A portion of a study by Econsult presented to Hill institutional leaders.

by Brendan Sample

During a gathering at Kismet Cowork, the Chestnut Hill Institutional Leaders – a consortium of the 10 largest Hill institutions — presented the results of its Economic Impact Study Event, on Thursday, Nov. 30.

The CHIL commissioned an independent, local research firm, Econsult Solutions, to conduct the study beginning late last year. The main purpose of the study was to accurately quantify and assess the exact economic impact that the institutions of the CHIL have had on Chestnut Hill and the Philadelphia region as a whole.

Comprised of leaders from 10 different Chestnut Hill organizations, the CHIL is a collaborative effort between the institutions that is meant to promote further advancements for the district and synergy between the groups.

The organizations are the Chestnut Hill Hospital, Woodmere Art Museum, Chestnut Hill College, Morris Arboretum of the University of Pennsylvania, Chestnut Hill Conservancy, Norwood-Fontbonne Academy, Springside Chestnut Hill Academy, Chestnut Hill Business District, Friends of the Wissahickon and Philadelphia Cricket Club.

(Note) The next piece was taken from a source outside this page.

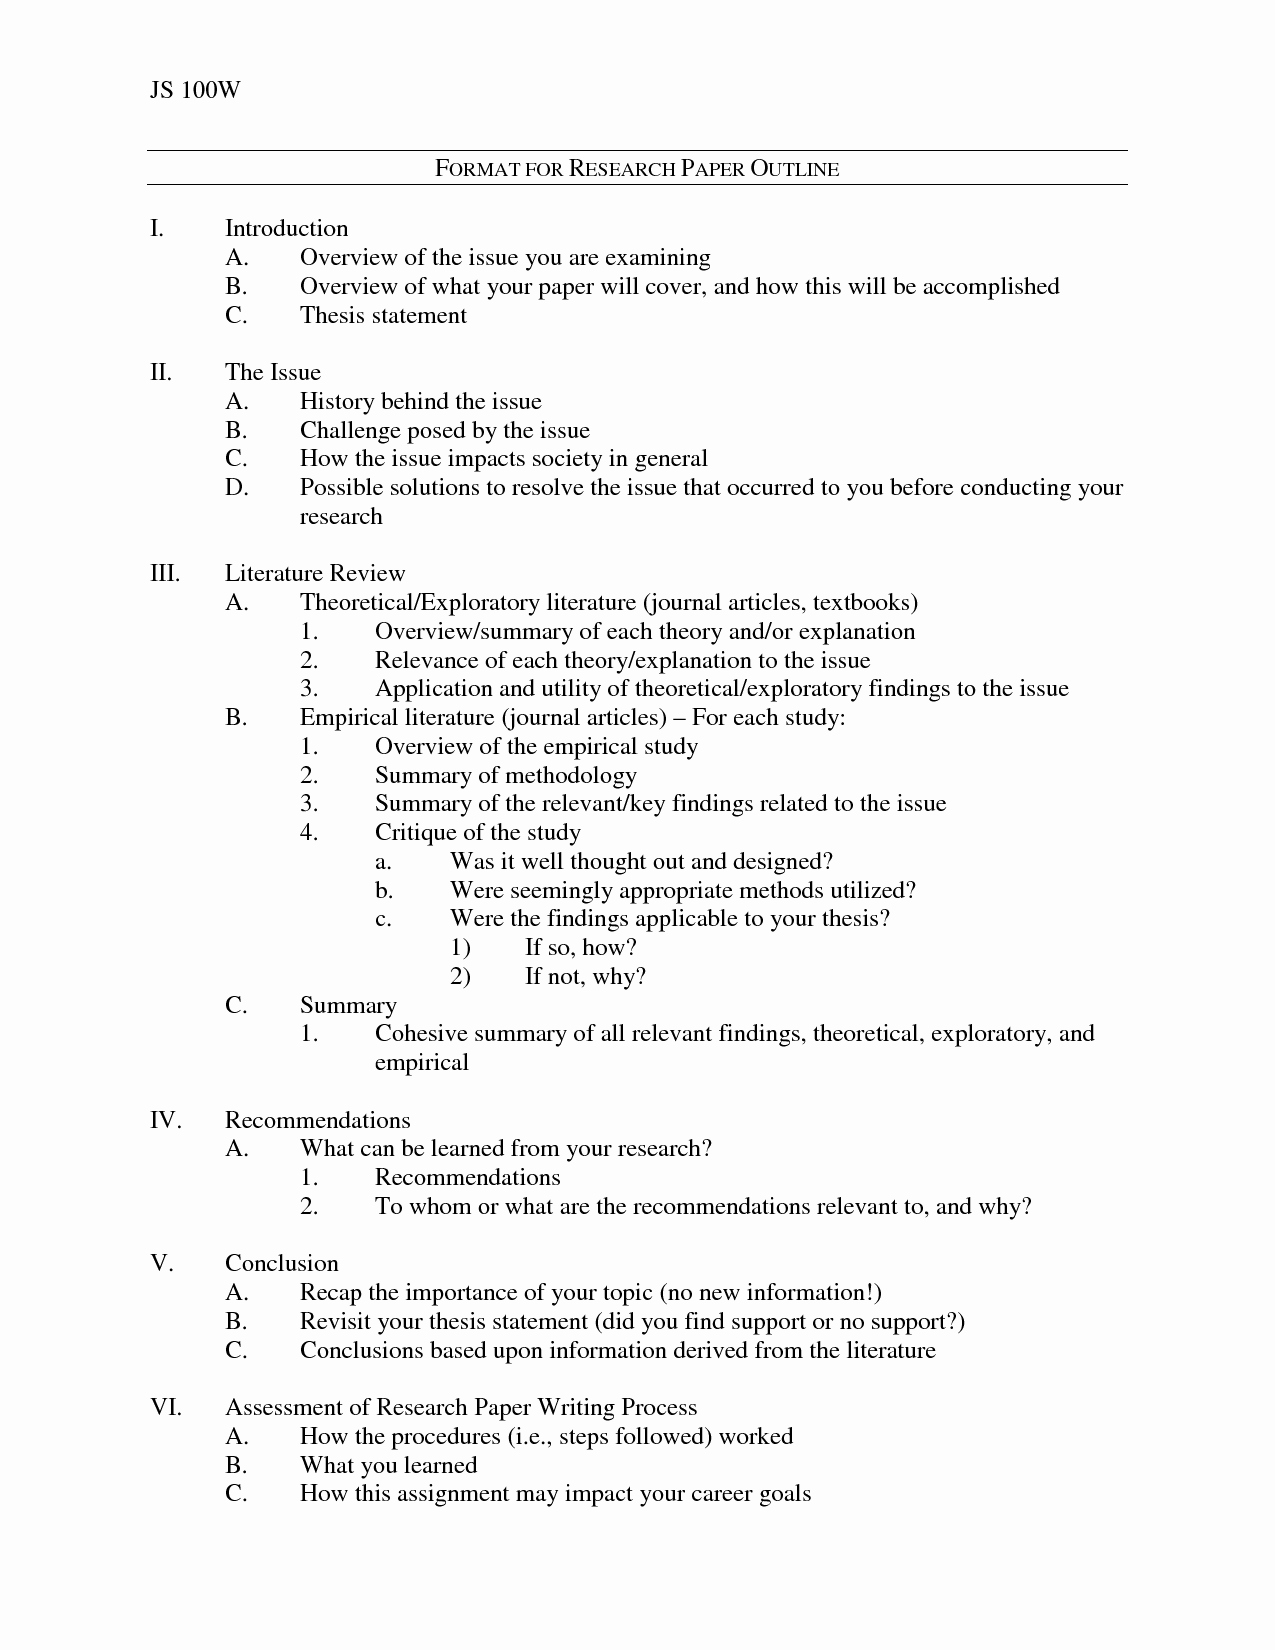 College Research Paper Example Awesome Research Paper Outline format by Vvg 93p8publ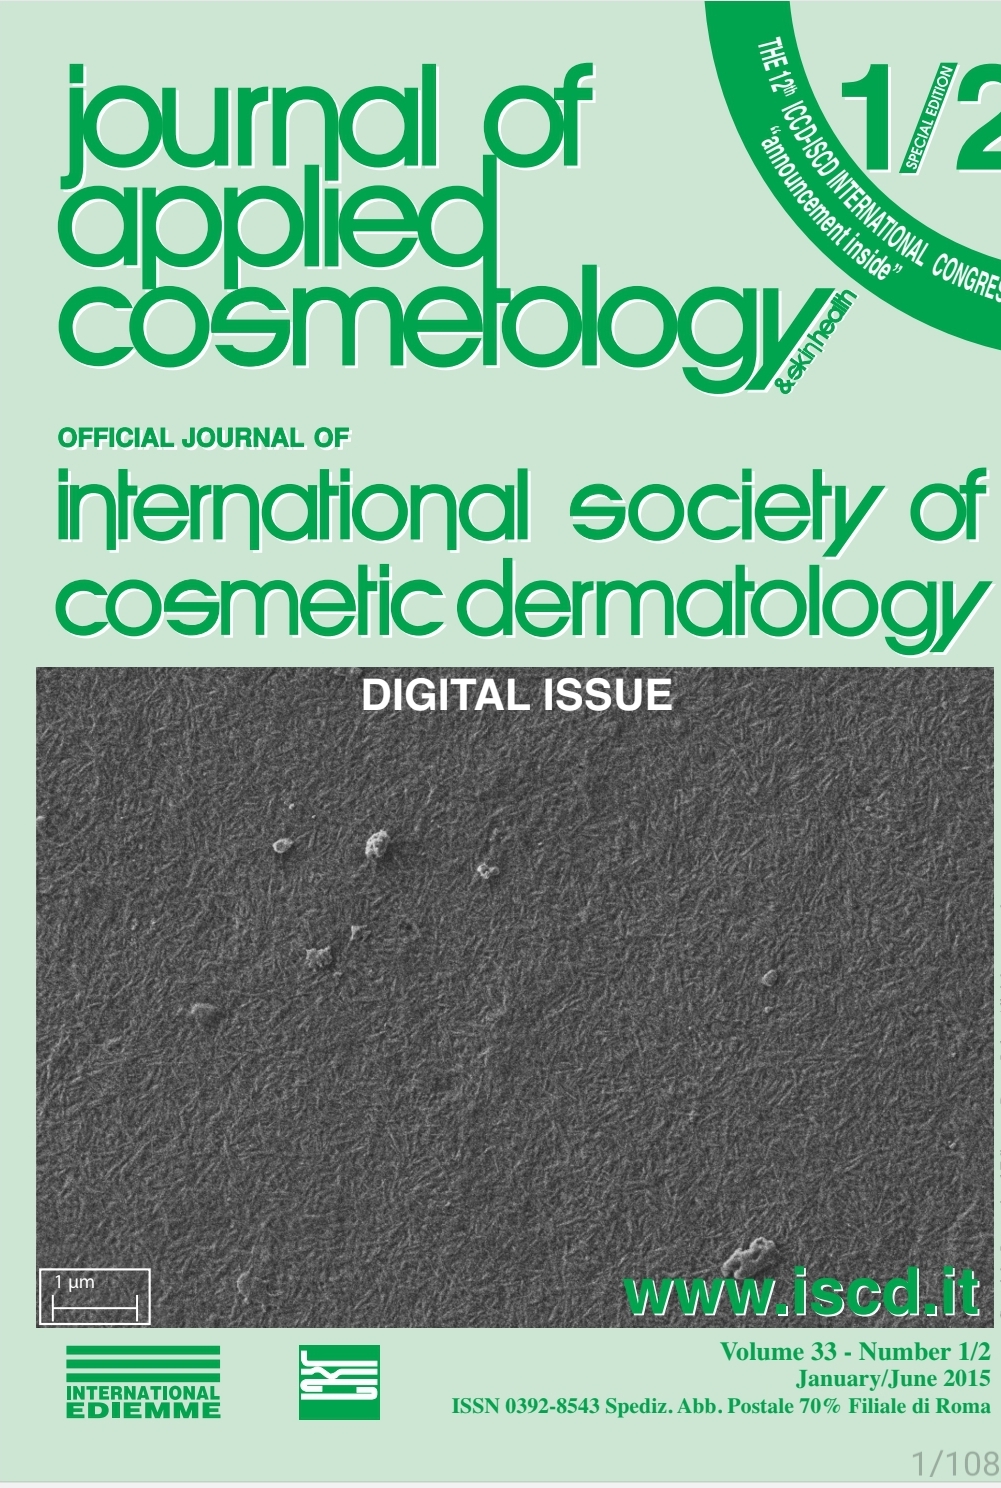 					View Vol. 33 No. 1/2 (2015): Journal of Applied Cosmetology

The study ultimately found that the combined efforts of each institution have generated $482 million within the five-county (Philadelphia, Bucks, Montgomery, Chester and Delaware) Greater Philadelphia region. This main contributing factor to this figure is the $360 million generated by operational impact, with student and visitor spending, annual capital investments and increased property values rounding out the total.

The study also found that the members of the CHIL create 3,480 jobs with $182.1 million in total earnings, while also bringing over 317,000 visitors to the area who spend $27 million in Chestnut Hill specifically.

After beginning the study in late 2016, Econsult finished its work in the spring in advance of the formal presentation. Although the firm is based in Philadelphia and does extensive work for companies in the city, this study still presented a unique opportunity for those involved to gain a new perspective on Chestnut Hill businesses.

“Throughout this study, we were able to take in a lot of interesting details about the workings of Chestnut Hill businesses,” said Ethan Conner-Ross, a director at Econsult who attended the presentation.

“Learning about aspects, like how so many local businesses rely on foot traffic and the dynamic synergies between systems in the area, is something we wouldn’t have been able to do if not for this study,” he said.

With so many organizations involved with the CHIL, there were ultimately a number of reasons behind the study being commissioned in the first place. Above all else, however, was a desire for the leaders to be the best at what they do along with pure curiosity about their institutions’ impact on the Greater Philadelphia area remained the most prominent motivators throughout the process.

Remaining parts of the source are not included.